Calfee and colleagues have led the field in defining ARDS subphenotypes. Using latent class analysis of clinical and biomarker data from patients enrolled in ARDS randomised controlled trials, Calfee et al have originally identified two ARDS subphenotypes.12 13 The reactive subphenotype identified by Bos et al shares many of the features of the hyperinflammatory ARDS subphenotype reported previously,12 13 although the proportion of patients in the reactive group is much higher than the hyperinflammatory subphenotype. This suggests that the hyperinflammatory and reactive groups may represent a similar subphenotype, although this is unproven. The findings from Bos et al are significant in that they have identified comparable subphenotypes in an observational cohort of patients with ARDS using a different analytic approach. While Calfee et al identified these ARDS subphenotypes using clinical and biomarker data, Bos et al identified them purely on biomarker data. The blood sampling window for biomarker measurement in these studies was defined from trial enrolment (which could be up to 2 days after meeting ARDS criteria in the ARDSnet trials), which also challenges the time-based arguments for causal relationships. Furthermore, it is possible that in the study by Bos et al,9 ARDS subjects were sampled earlier than in the ARDSnet trials, which may be a potential explanation for the higher proportion of ‘reactive’ subphenotype in this study. It would be important to test whether similar subphenotypes emerge after harmonising these different study datasets and performing both cluster and latent class analyses. Table 1 provides a comparative summary of these three studies.
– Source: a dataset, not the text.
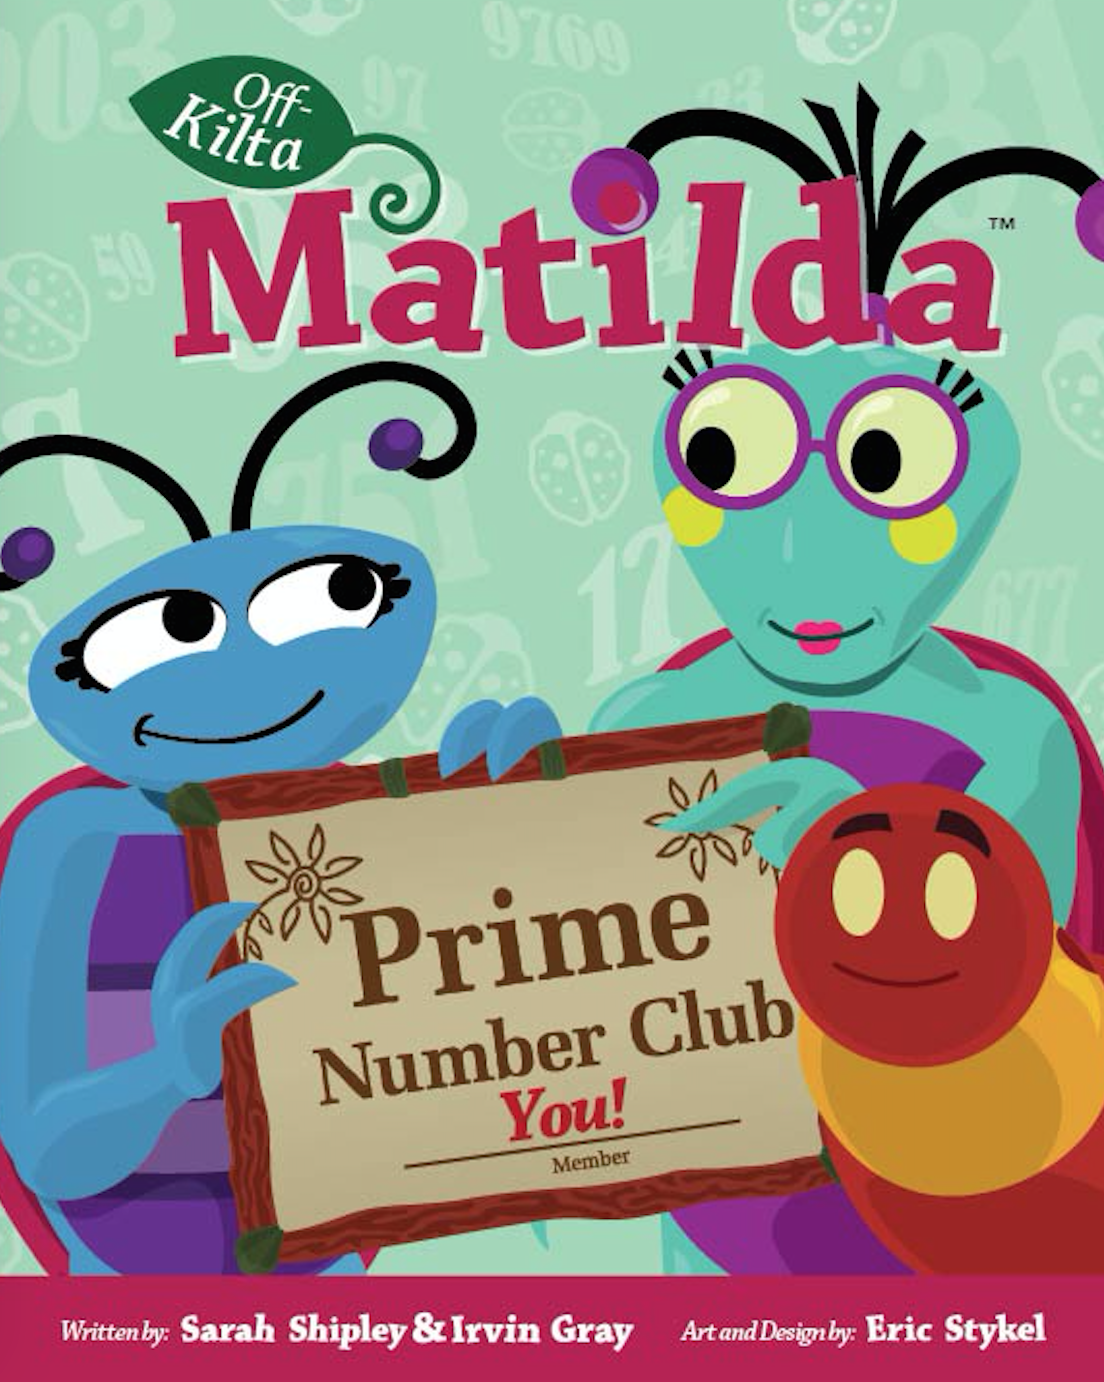 The Prime Number Club

Several important questions remain unanswered. First, assuming the hyperinflammatory/reactive subphenotype represents a common subphenotype, further work is needed to identify the key discriminant makers that reliably define this ARDS subset. Ideally, a minimal dataset of variables could be identified to efficiently achieve this. Second, although it remains unknown if ARDS subphenotypes respond differently to pharmacotherapies, for developing pharmacotherapies targeted at the hyperinflammatory/reactive subphenotype we need to determine the stability of the ARDS subgroup over time. This is important to identify the therapeutic window for interventions targeted at this subphenotype. In addition, it would be important to define if and how moving from this subphenotype to an uninflamed phenotype represents therapeutic success or failure to guide ongoing treatment. Third, development of point-of-care assays along with algorithms to define these ARDS subphenoytpes at the bedside in real time is essential to enable this information to inform clinical trials targeting these subphenotypes.
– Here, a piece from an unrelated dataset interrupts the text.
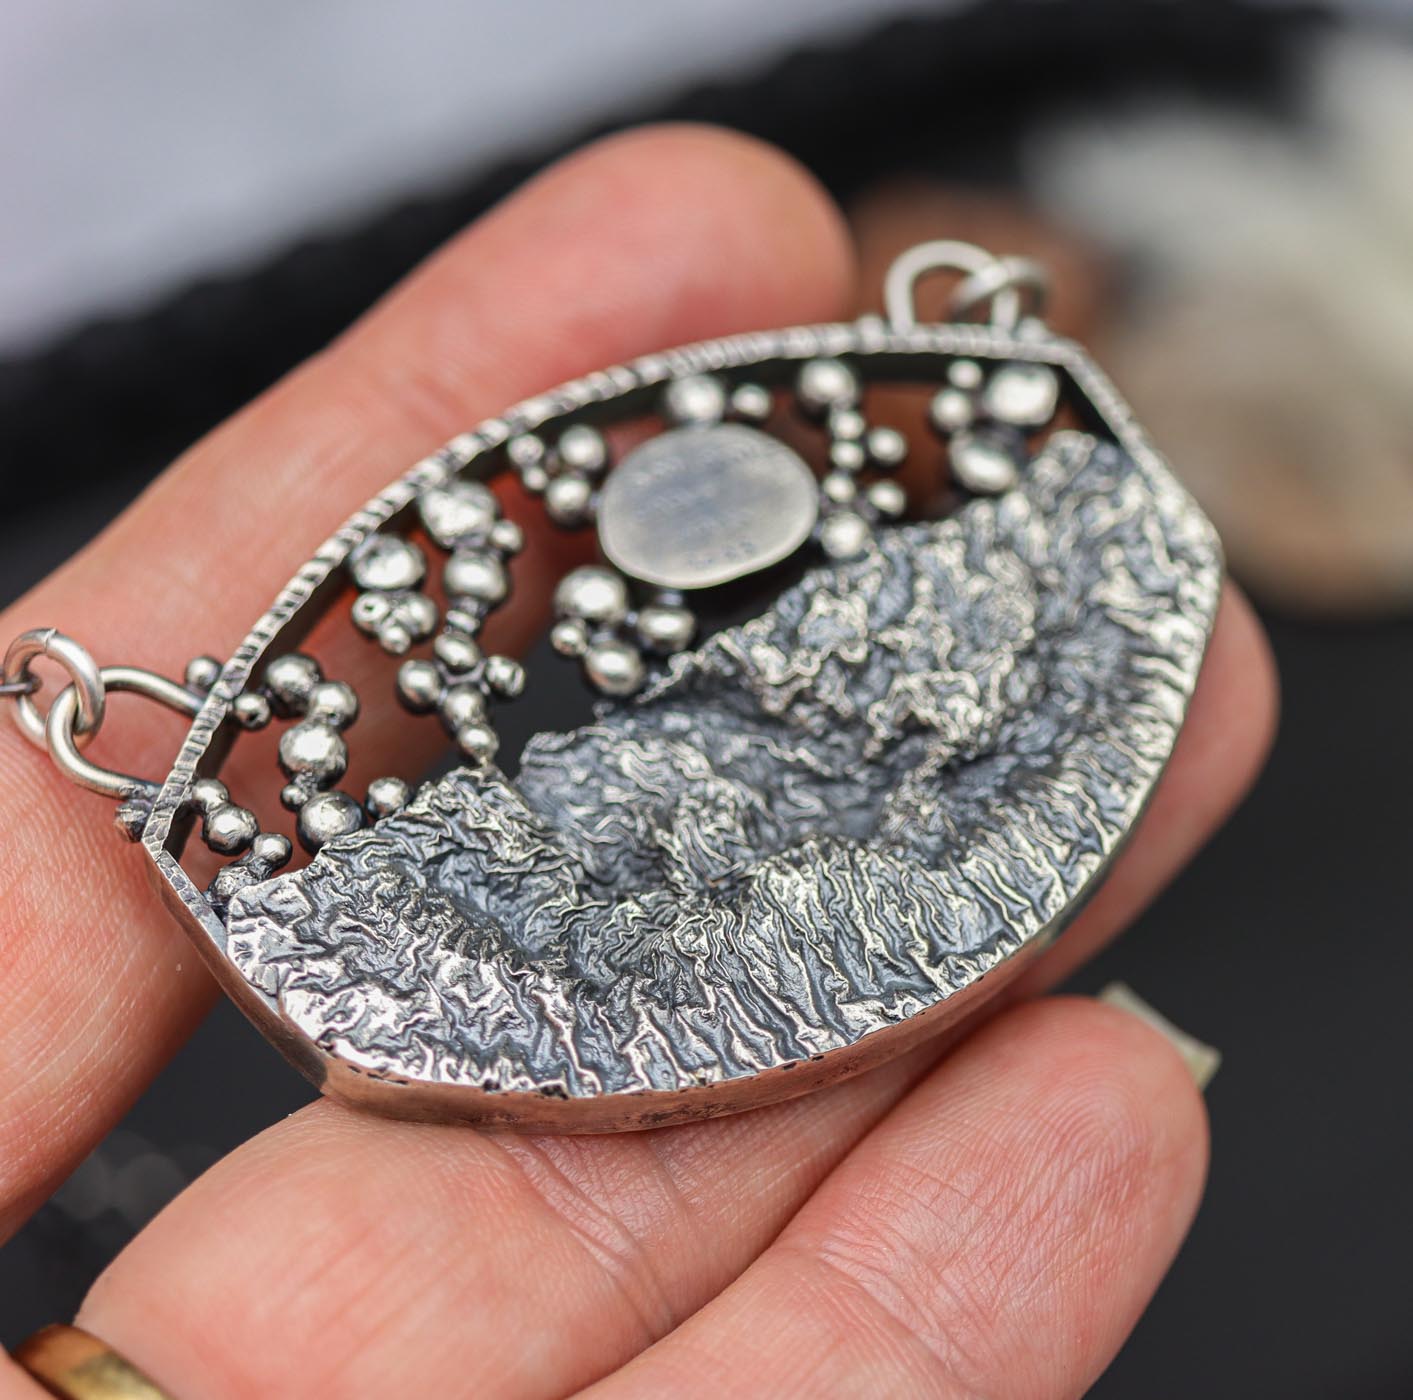 The Moonrise Pendant Grey Moonstone Necklace Sterling Silver and 22k Gold

In summary, ARDS continues to be a clinical and research challenge in terms of developing pharmacological therapies. Bos et al provide intriguing data that highlights the need for further work to identify ARDS subsets with defined treatable traits. These subphenotypes should be based on modifiable biological characteristics linked to both the risk of poor outcomes and response to the tested treatment. This will enable personalised care of patients with ARDS.